Brussels: Bombing all in the family

By Caroline Alexander

Luggage carts are parked next to forensic officers in front of Zaventem Airport in Brussels. Photo / AP
Luggage carts are parked next to forensic officers in front of Zaventem Airport in Brussels. Photo / AP

The brothers identified as the Isis (Islamic State) bombers who attacked Brussels had a record of gang-related crimes in the Belgian capital and had been in touch with terrorists who struck Paris in November.

Surveillance footage showed two men dressed in black and a third in light-coloured clothing pushing luggage carts through Zaventem Airport before the explosions. Belgian federal prosecutor Frederic Van Leeuw said that the man in the middle of the trio, Ibrahim El Bakraoui, detonated explosives at the terminal and had been identified from his fingerprints. His brother Khalid attacked the Maelbeek metro station, Van Leeuw said. The bombings killed 31 people and injured 270.

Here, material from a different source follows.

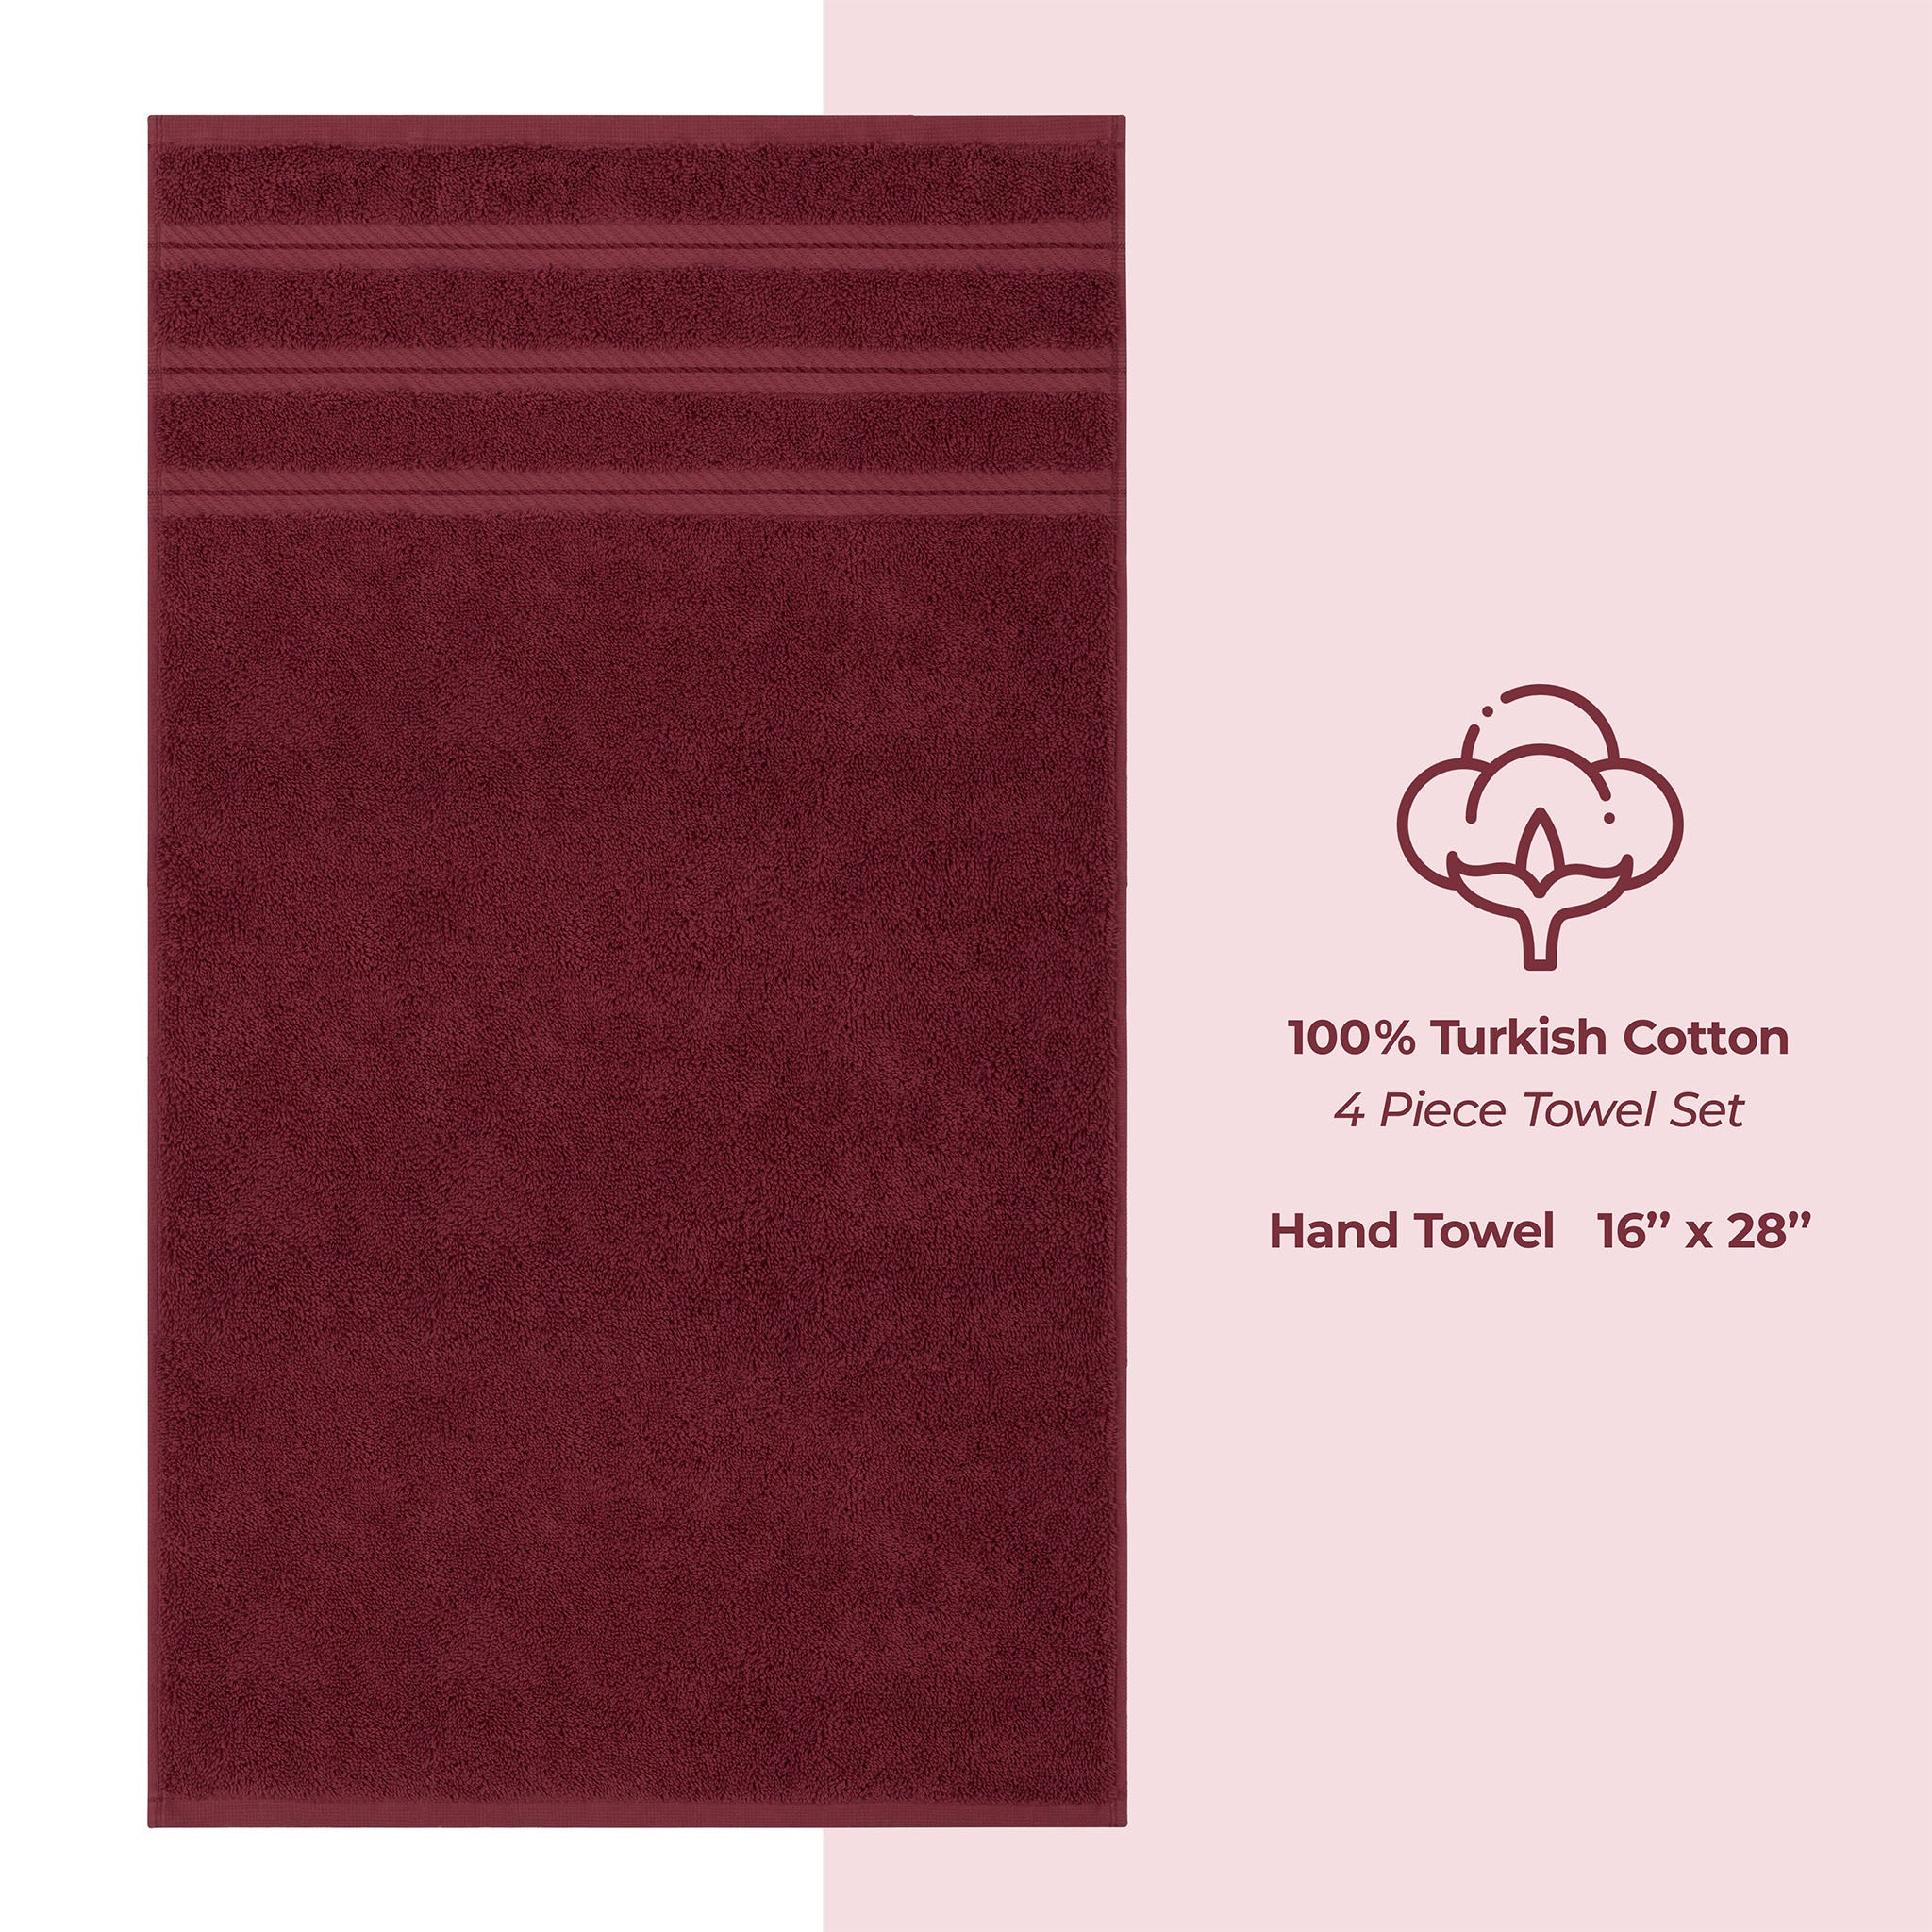  American Soft Linen 100% Turkish Cotton 4 Pack Hand Towel Set  bordeaux-red-4

Khalid, 27, and Ibrahim, 29, had criminal records, including for armed robbery and carjackings, but weren't wanted in relation to suspected terrorism offenses until security services raided an apartment in the Forest borough of Brussels last week, according to state broadcaster RTBF.

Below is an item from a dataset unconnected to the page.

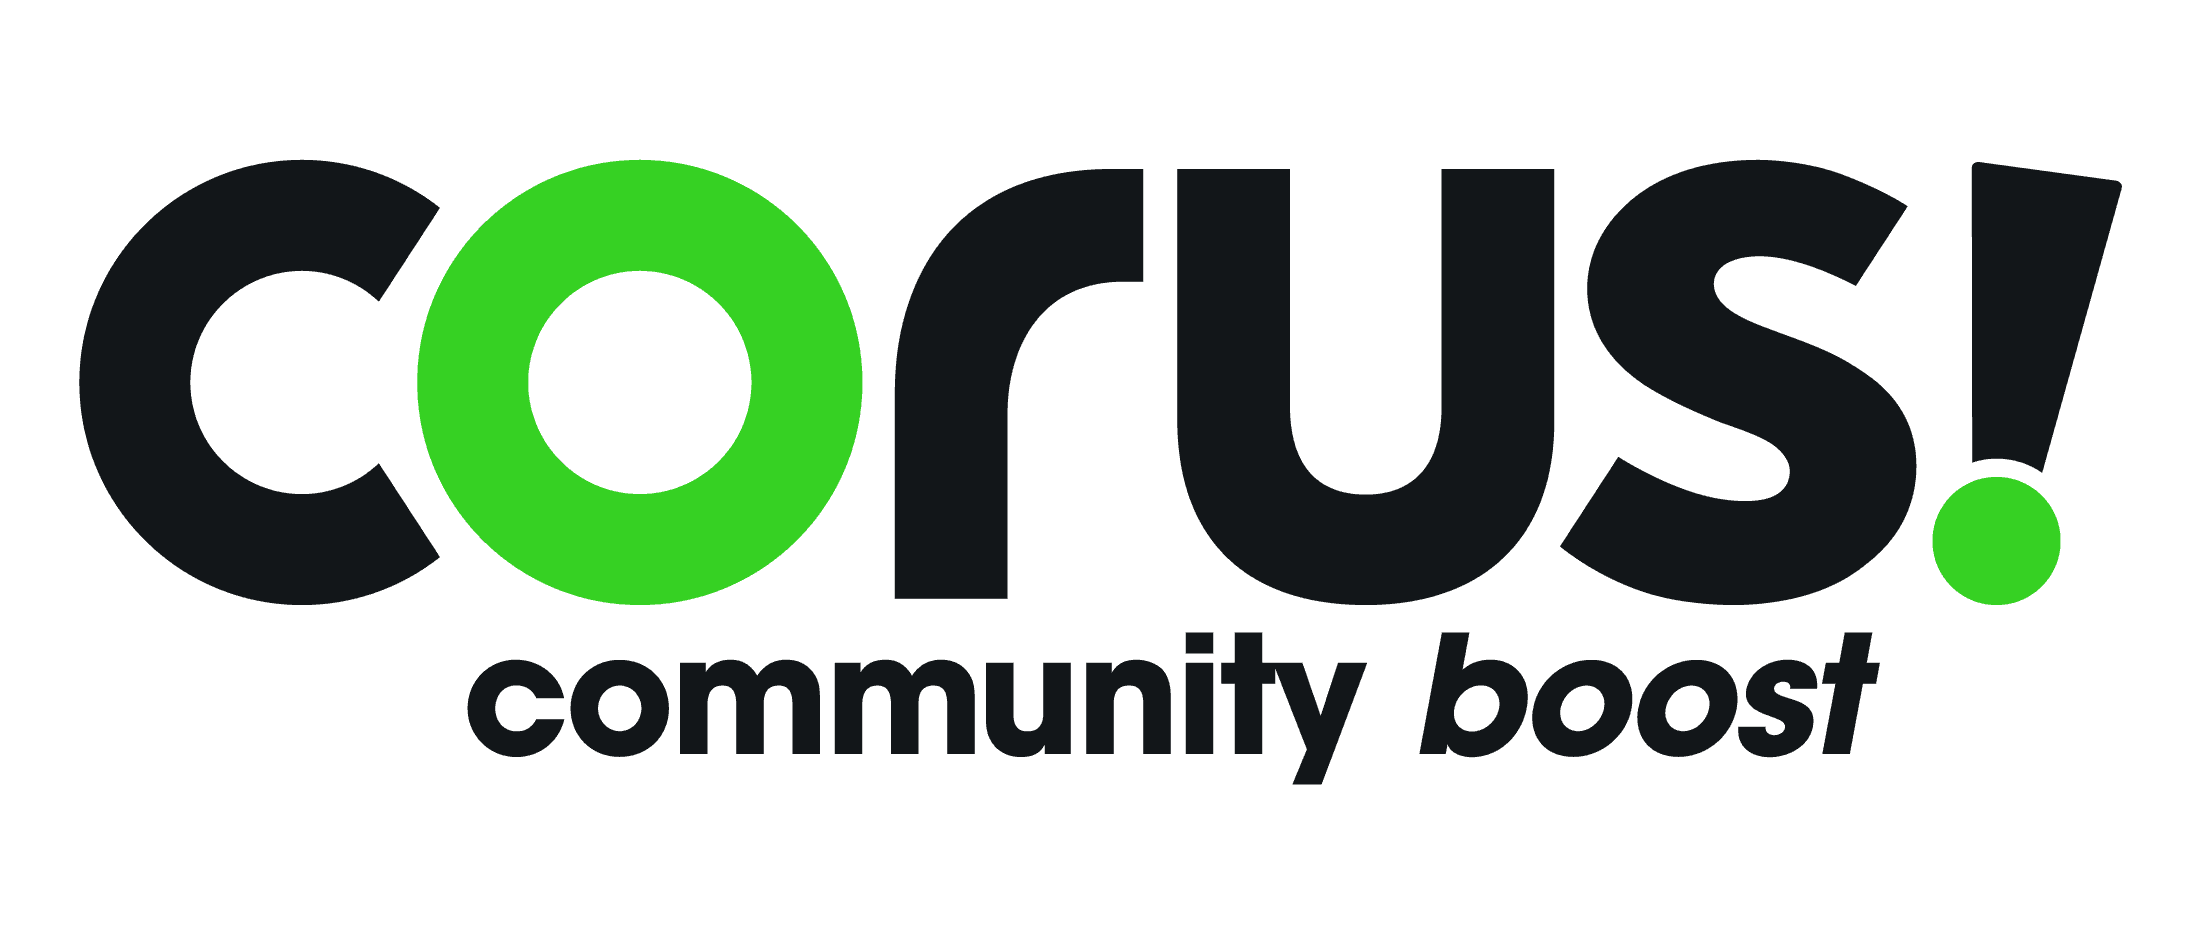 Corus community boost logo

Khalid is thought to have rented the property under a false name, according to local media. There, police found a Kalashnikov rifle, an Isis flag and a book about radical Islam. They also recovered DNA from Salah Abdeslam, thought to be the sole surviving participant of the massacre in the French capital.

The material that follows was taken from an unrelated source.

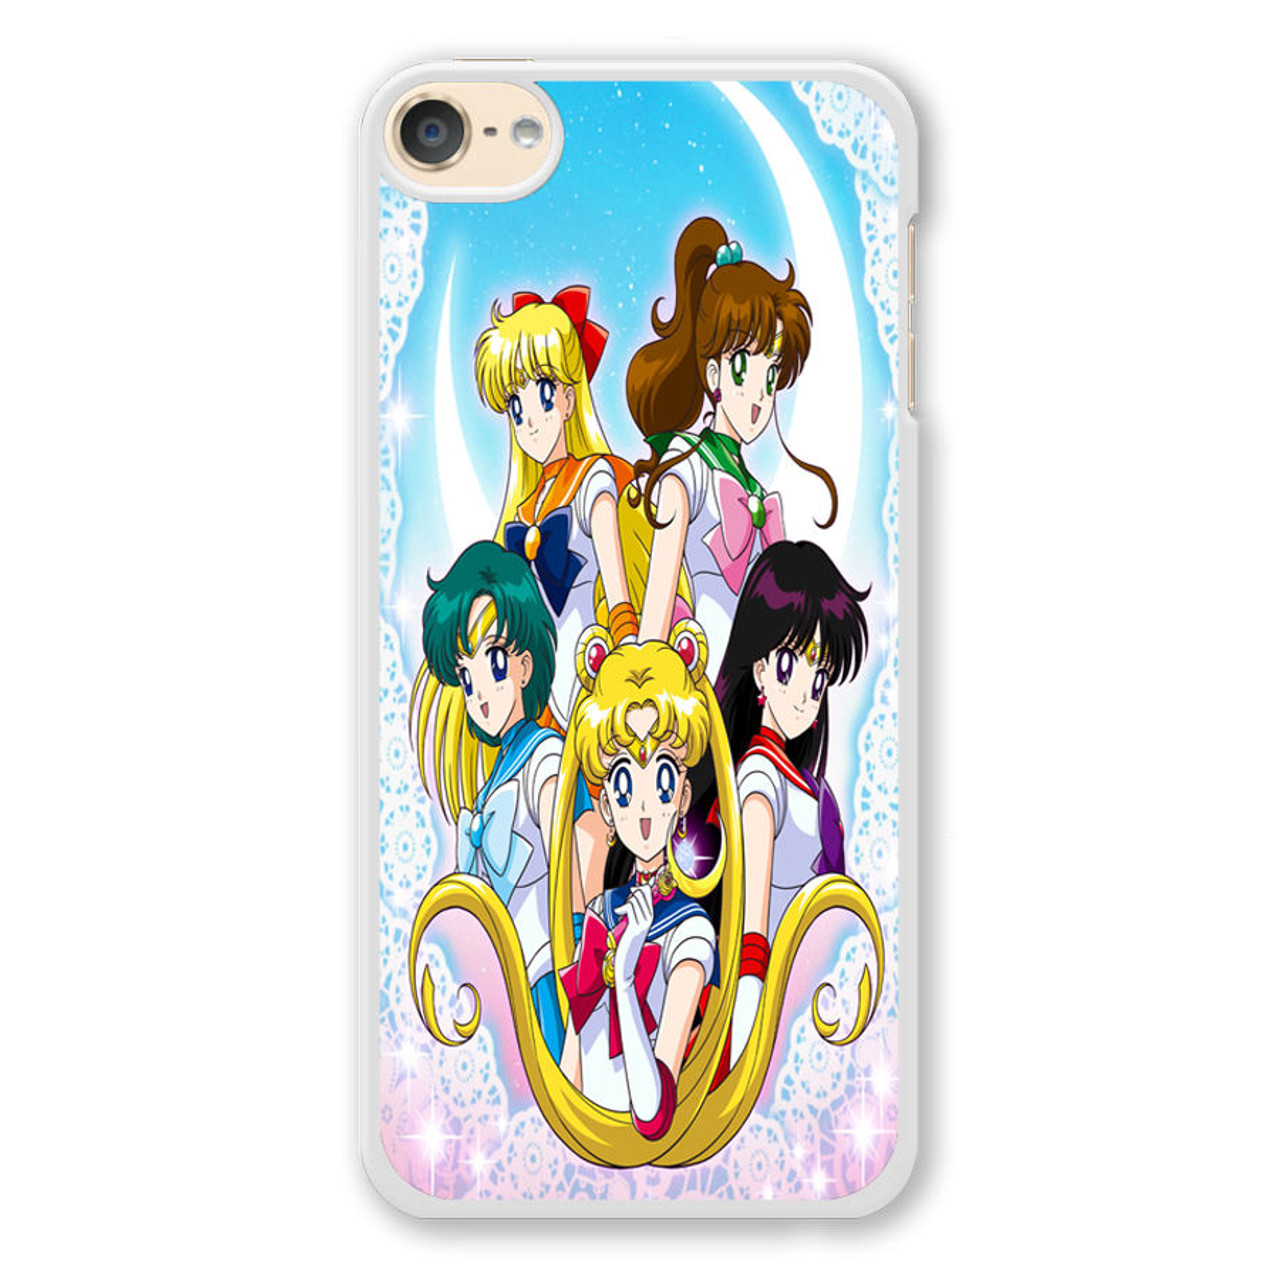 Sailormoon Cute Wallpaper Ipod Touch 6 Case Ggians

Abdeslam was arrested by Belgian police on March 19 after four months on the run. A member of the Paris attacks cell, Mohamed Belkaïd, was shot dead by a police sniper at the flat. The El Bakraoui brothers are believed to have fled.

It's not uncommon for brothers to carry out such attacks together. In fact, as security and intelligence agencies step up their monitoring of potential extremists, jihadist groups are increasingly looking to recruit family members, a move that makes it harder to detect and prevent radicalisation, according to a paper published last month by the Combating Terrorism Centre at West Point.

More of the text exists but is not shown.